→ Exercise requirements
What is needed is an exact reproduction of the lines in the records below, starting at the line with "Interieurontwerp voor een" and ending at the line with "Alfa Romeo Spider", both included, and nothing else; pictures stay out.

→ Information shown

________________________

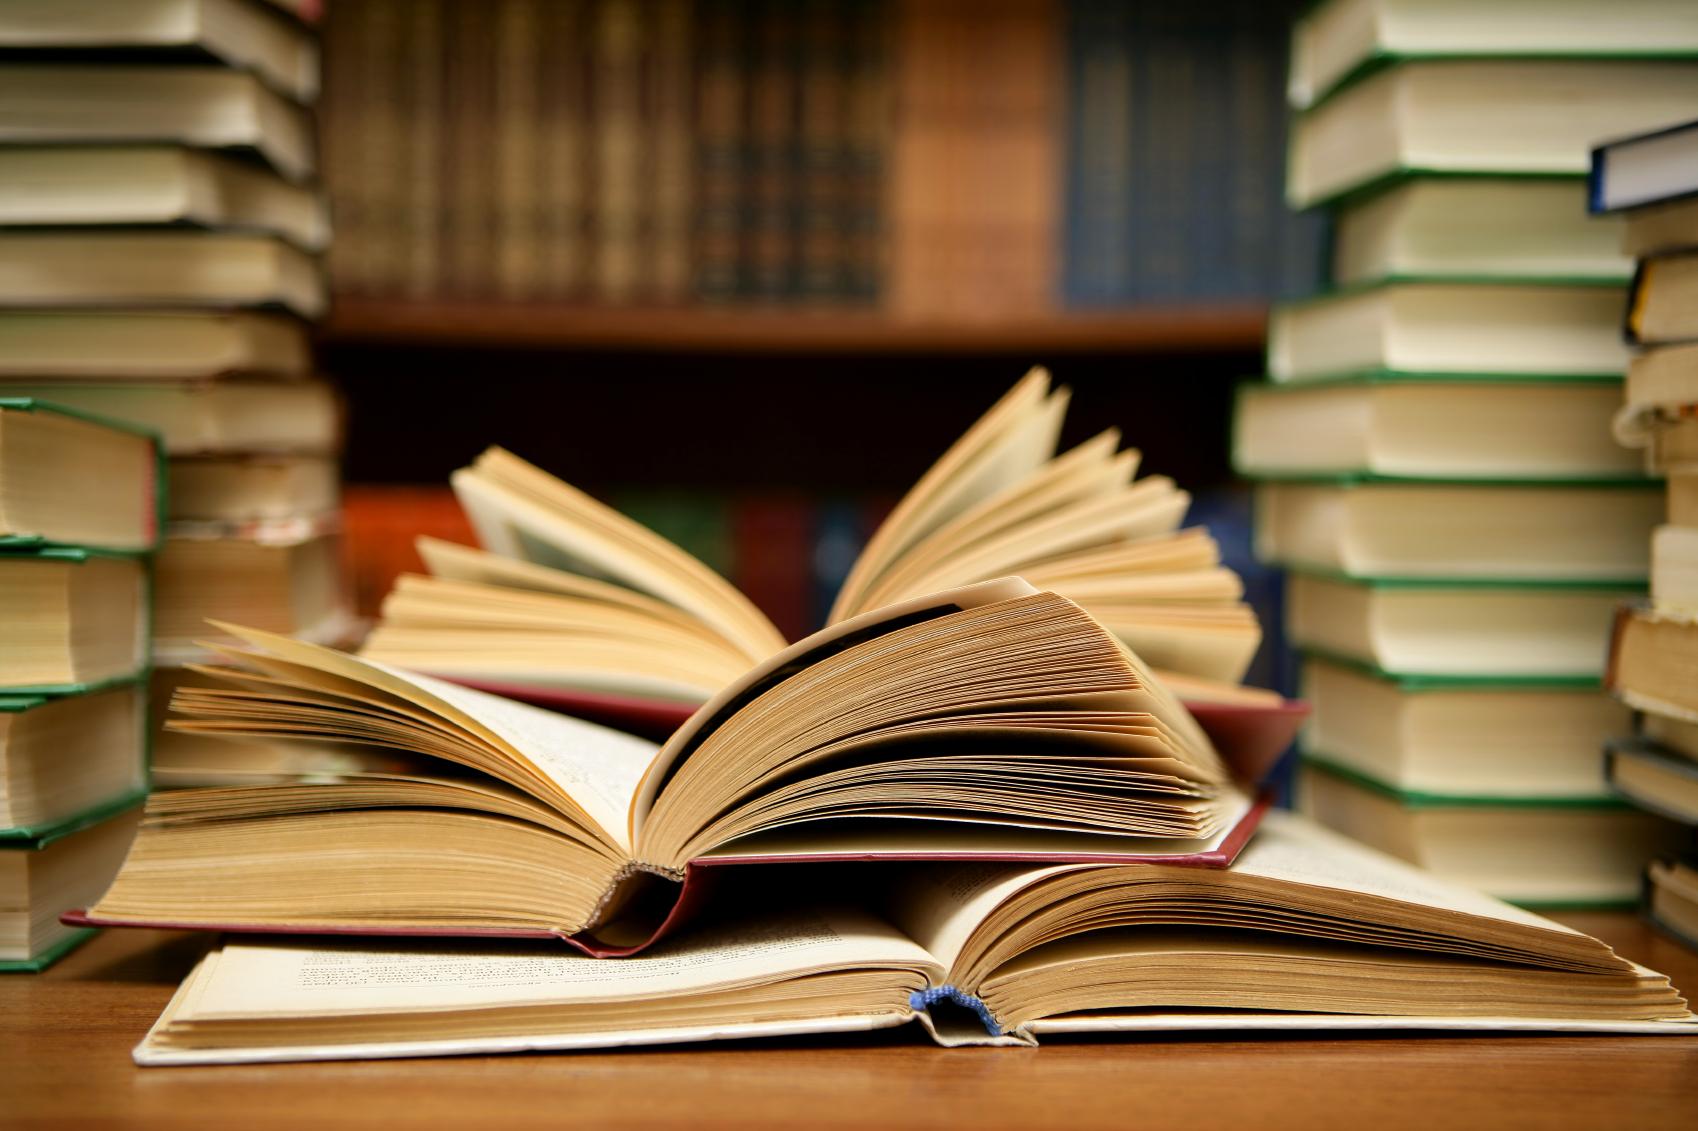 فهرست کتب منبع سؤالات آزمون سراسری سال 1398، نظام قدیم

________________________

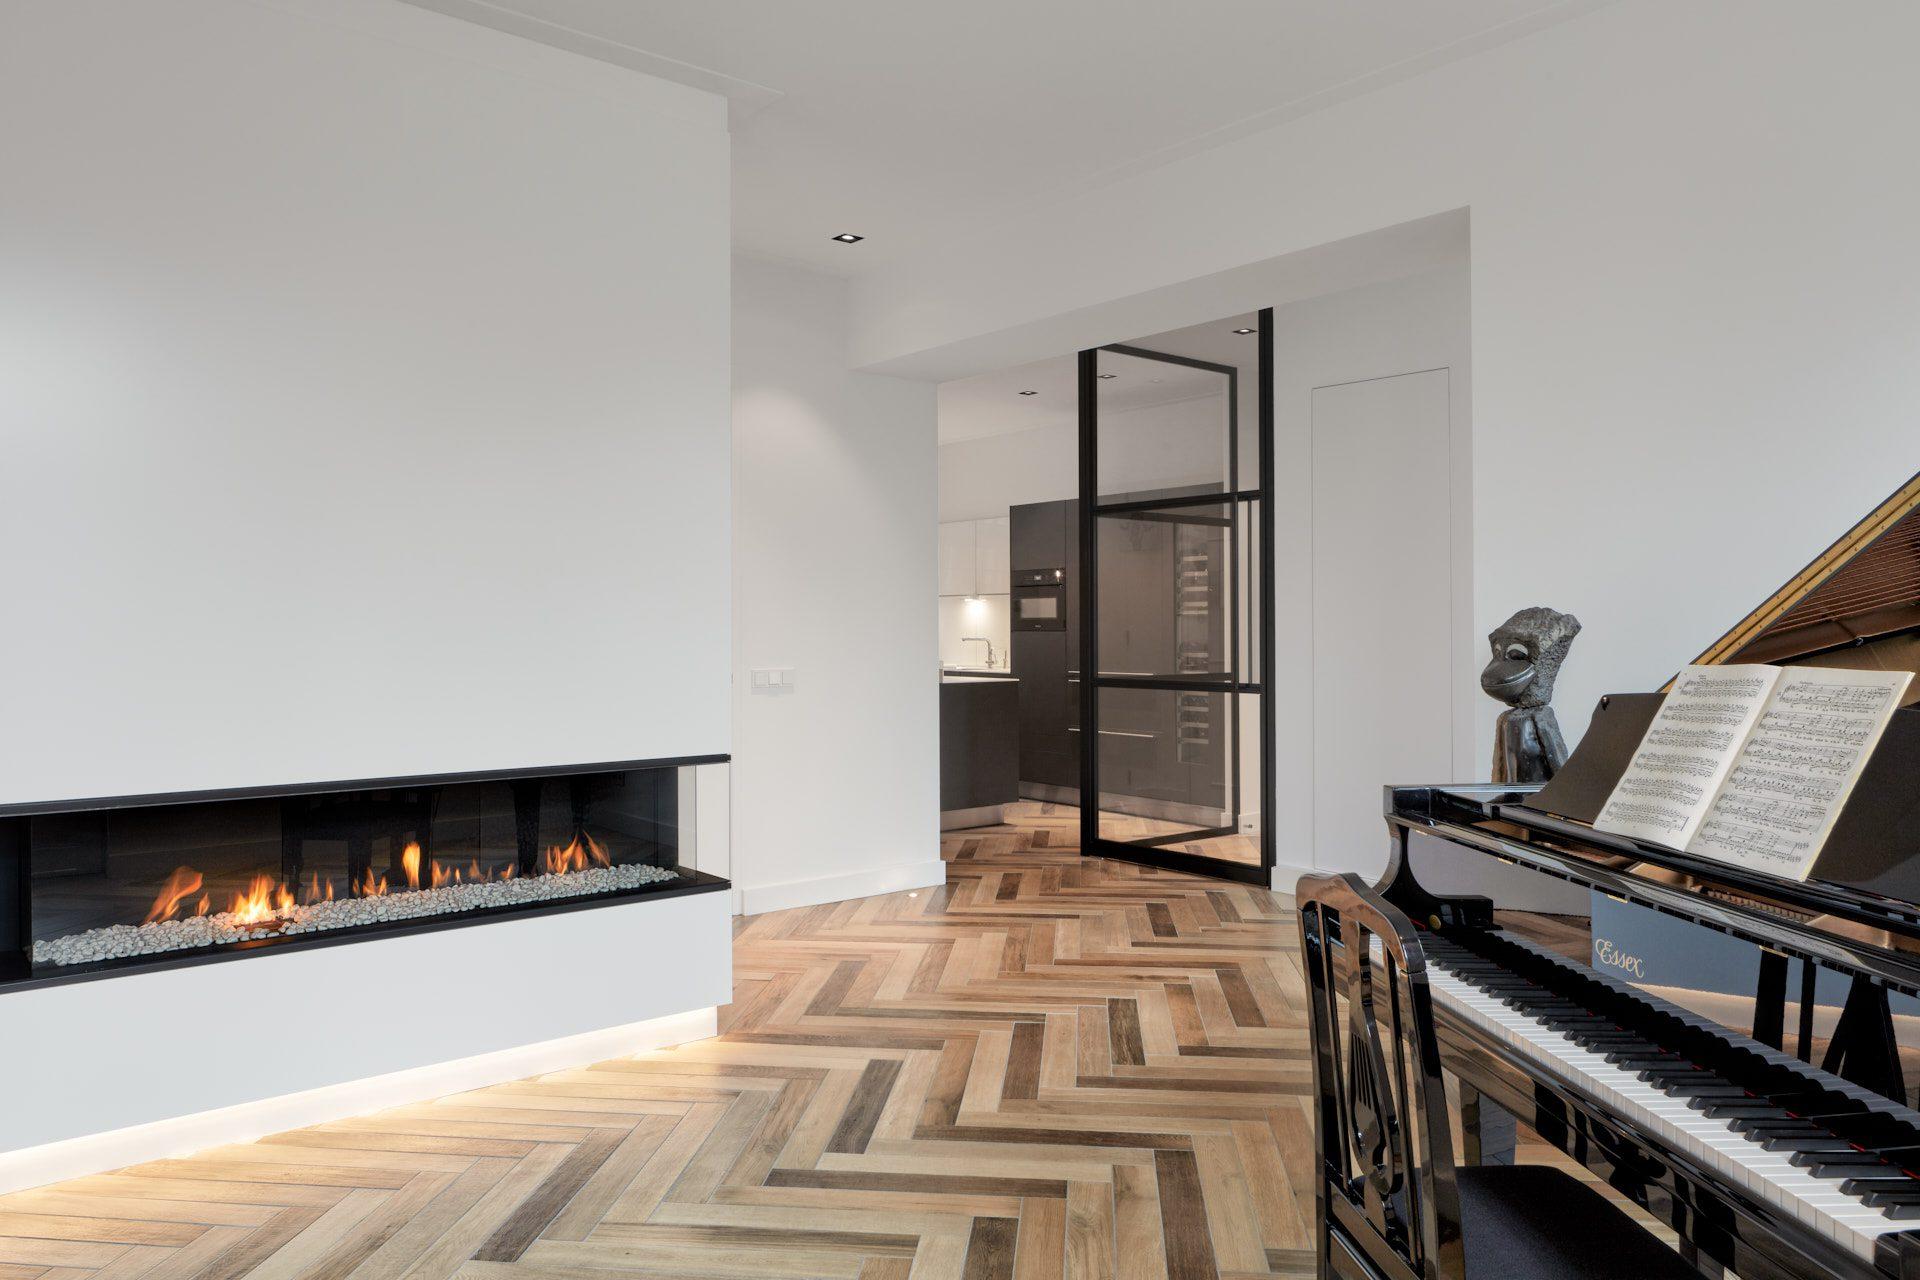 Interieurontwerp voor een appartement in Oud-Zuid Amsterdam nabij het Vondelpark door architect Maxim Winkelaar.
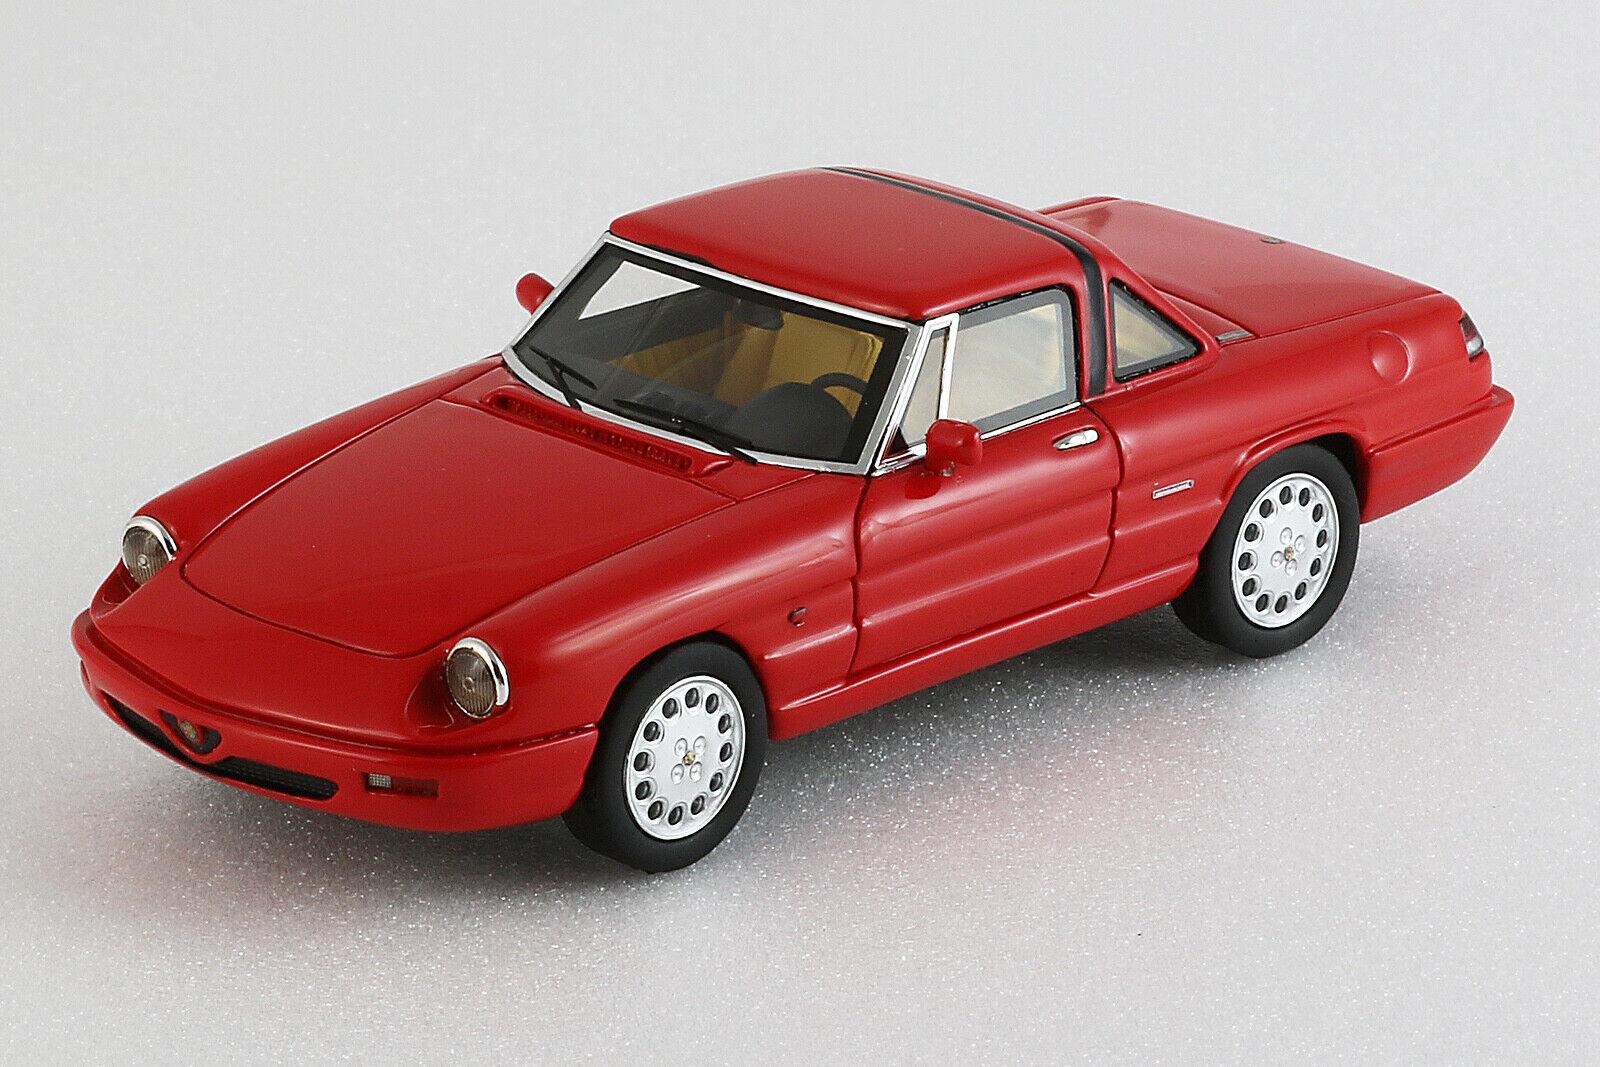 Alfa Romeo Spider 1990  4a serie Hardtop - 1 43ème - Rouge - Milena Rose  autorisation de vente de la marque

________________________

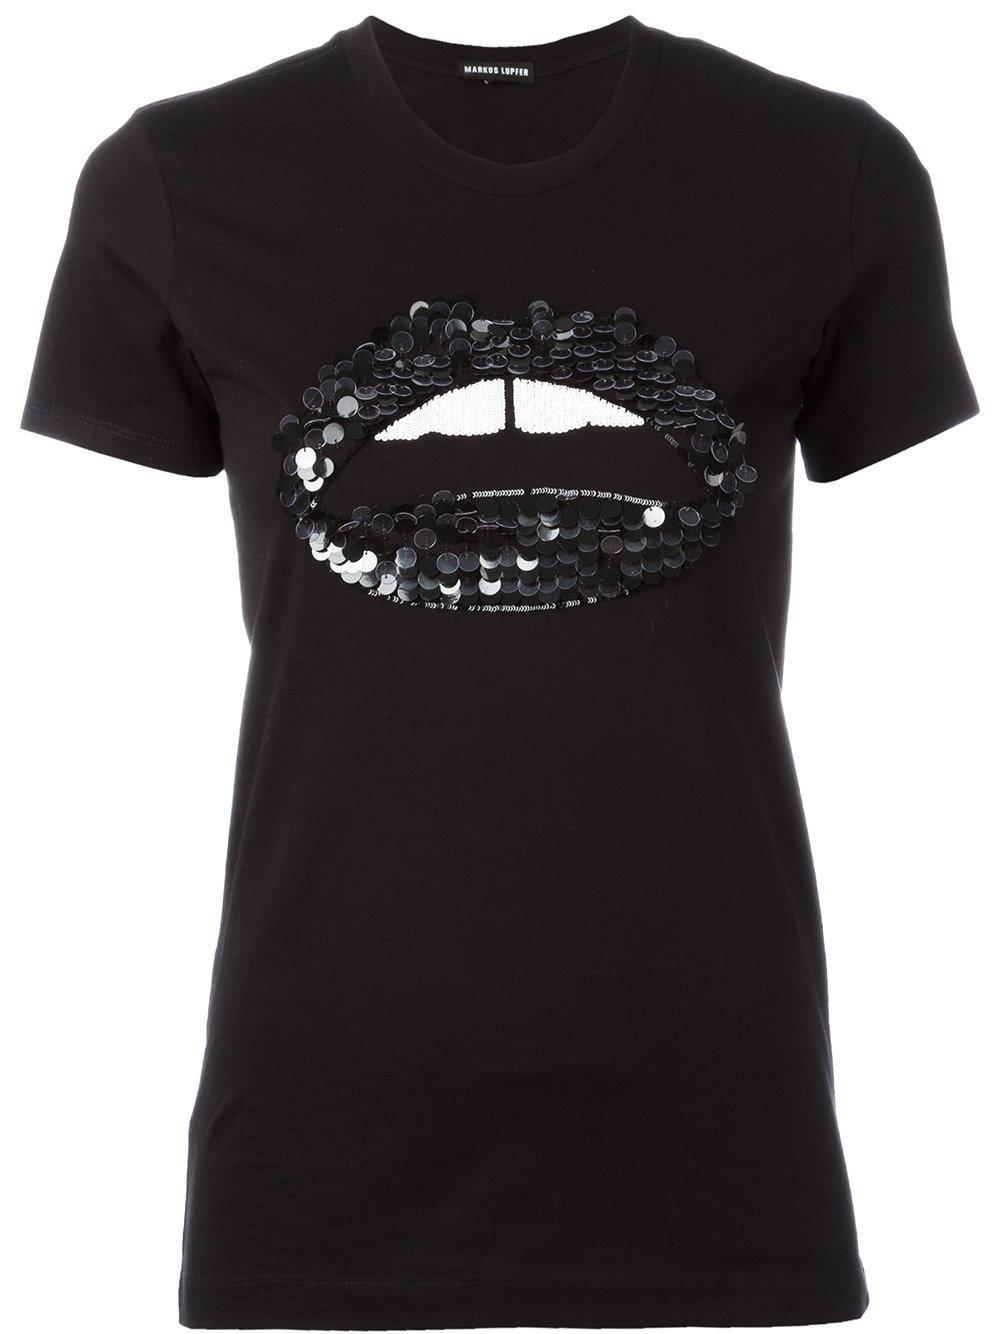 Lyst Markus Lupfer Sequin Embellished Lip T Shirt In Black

________________________

→ Task result
 Interieurontwerp voor een appartement in Oud-Zuid Amsterdam nabij het Vondelpark door architect Maxim Winkelaar.
 Alfa Romeo Spider 1990  4a serie Hardtop - 1 43ème - Rouge - Milena Rose  autorisation de vente de la marque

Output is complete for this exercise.